Theres an absolutely fascinating use of Amazons Mechanical Turk (?) right now. There’s a HIT (a small task you get paid almost nothing to complete) that involves GIS:
Geospatial Vision are paying people to do image recognition on sequential video stills from a car that they are apparently then recombining in to videos. These are on their (flash only, sigh) site.
You are paid 5 cents to tag 50 images with yellow lines, manholes, drains, bollards and pedestrian crossings. They are also, from looking at the videos, using these locations to then magically classify the sign type (one way, no entry, speed limit etc). Most images have only one feature if at all, there were about 2,000 HITs last night and at 25 frames a second that puts it at about an hour of footage for $100. That is insane.
If you wanted to get data out of it, the video stills themselves could be captured from your screen like the above screen shot and put back in to a movie. People and number plates can be seen in the images… and street signs so you could figure out where they are. You could add bad data – bollards in the sky or whatever. Amazon have various methods to combat these attacks. But it’s all academic as they’re putting at least some of the work on their site anyway.
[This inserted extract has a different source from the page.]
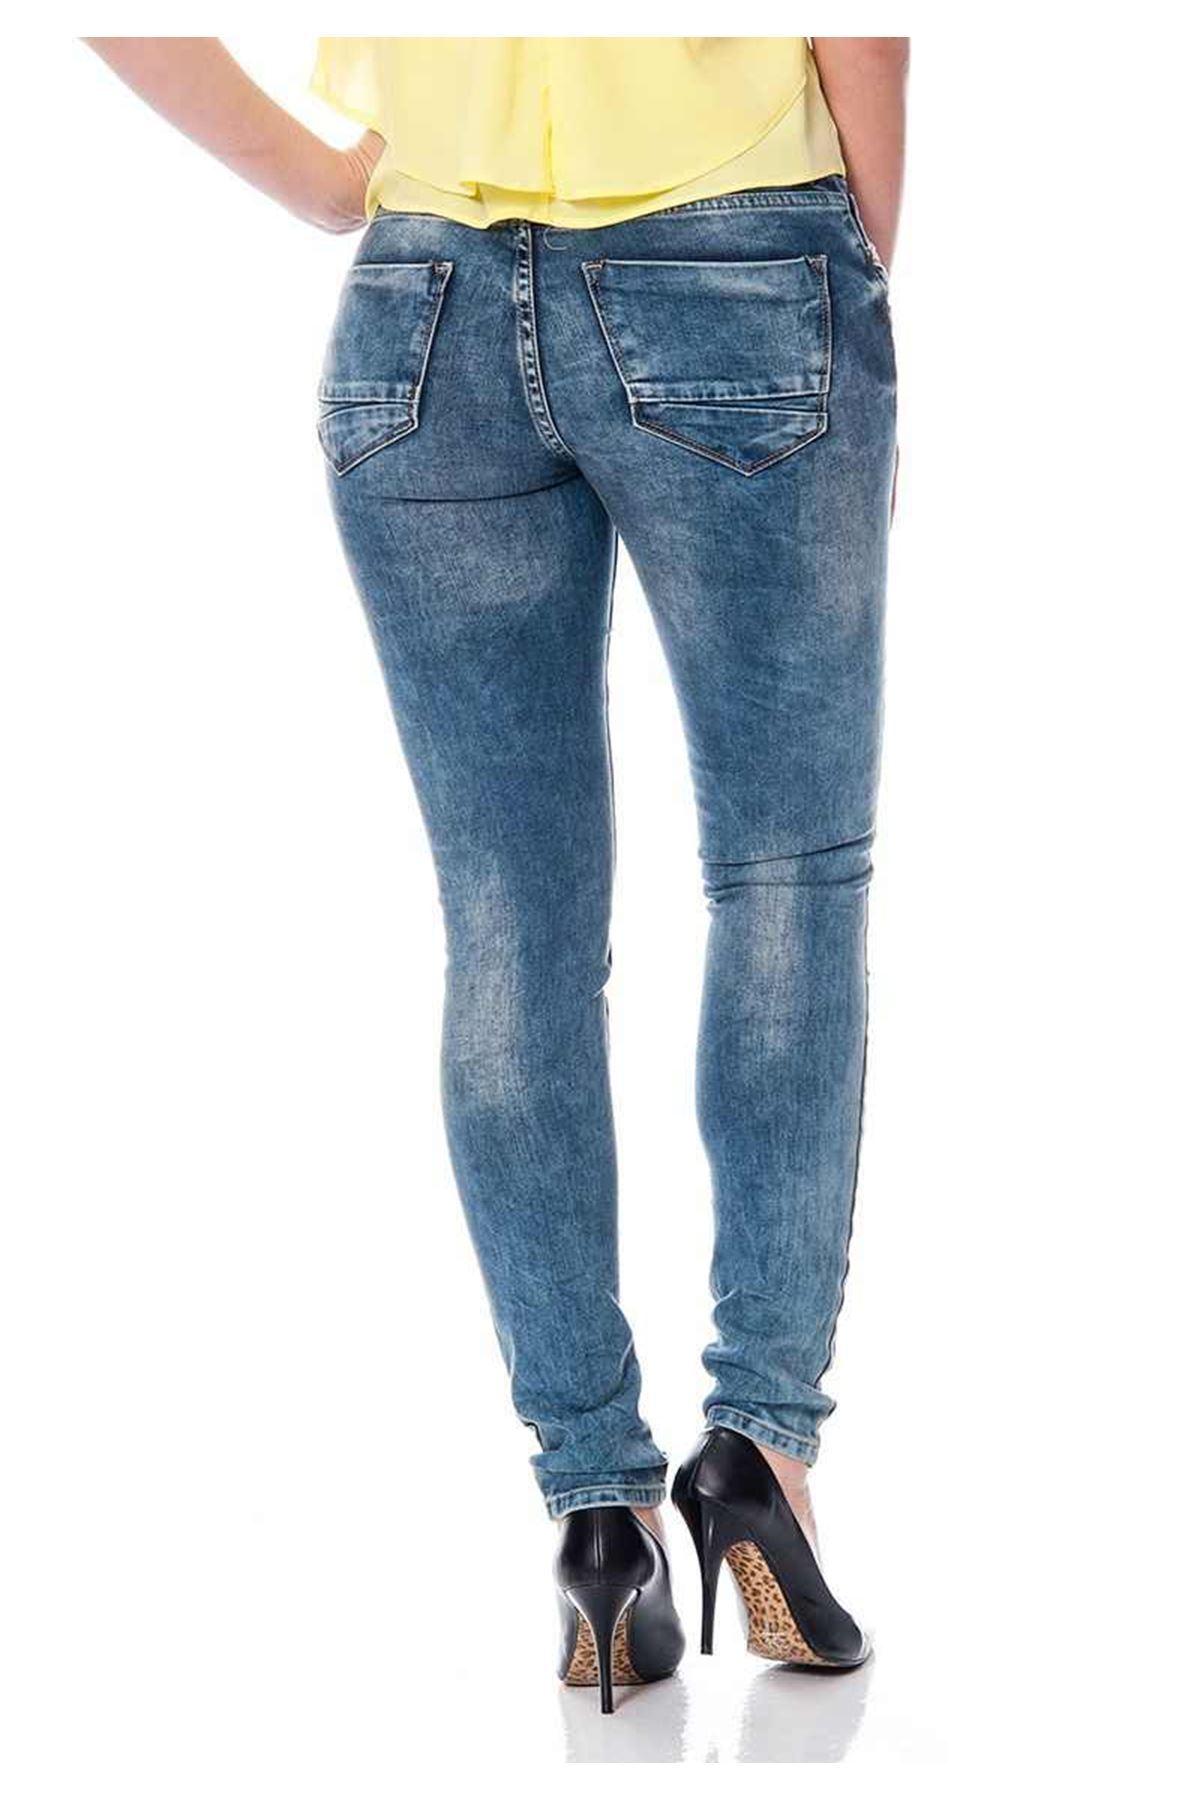 Lacivert Taşlanmış Yırtık Kot Pantolon 5A-110577

It strikes me that this is just scratching the surface of the potential of this class of problem, Mechanical Turk is still only known to a small subset of tech people really. People with big data sets would want entire teams of lawyers to look at this and have Snow Crash-esque schemes to keep people from ‘stealing’ their precious data. Could you imagine the OS ever touching this with a barge pole?
The barrier to entry is a little high in that you have to create a flash app or similar if you want to do more interesting HITs but simpler ones are done automagically with forms by amazon. The other barrier is that like many other companies they think the entire world ends at the edge of CONUS so you can’t really make use of it unless you have a US bank account.
There’s another HIT which just asks for an idea from you – what small program would you like to see that doesn’t exist? I imagine the person who did that one just sitting back and browsing ideas for things to work on. How meta can you get?
So we now live in a world where you can effectively treat data storage (Amazon S3), processing (Amazon ECC) and mass non-linear human intelligence (Mechanical Turk) as infinitely cheap and available. You can get programming, design, legal advice and more from rentacoder, elance and more.
Given this, I can’t think of much that you don’t have covered in Phase 1 of your average business plan. Or to look at it another way, the google kids have been living in this world for maybe 4-5 years.
So readers, if you had a big dataset what would it be and how would you get it processed using the above? Best idea gets $10 worth of HITs.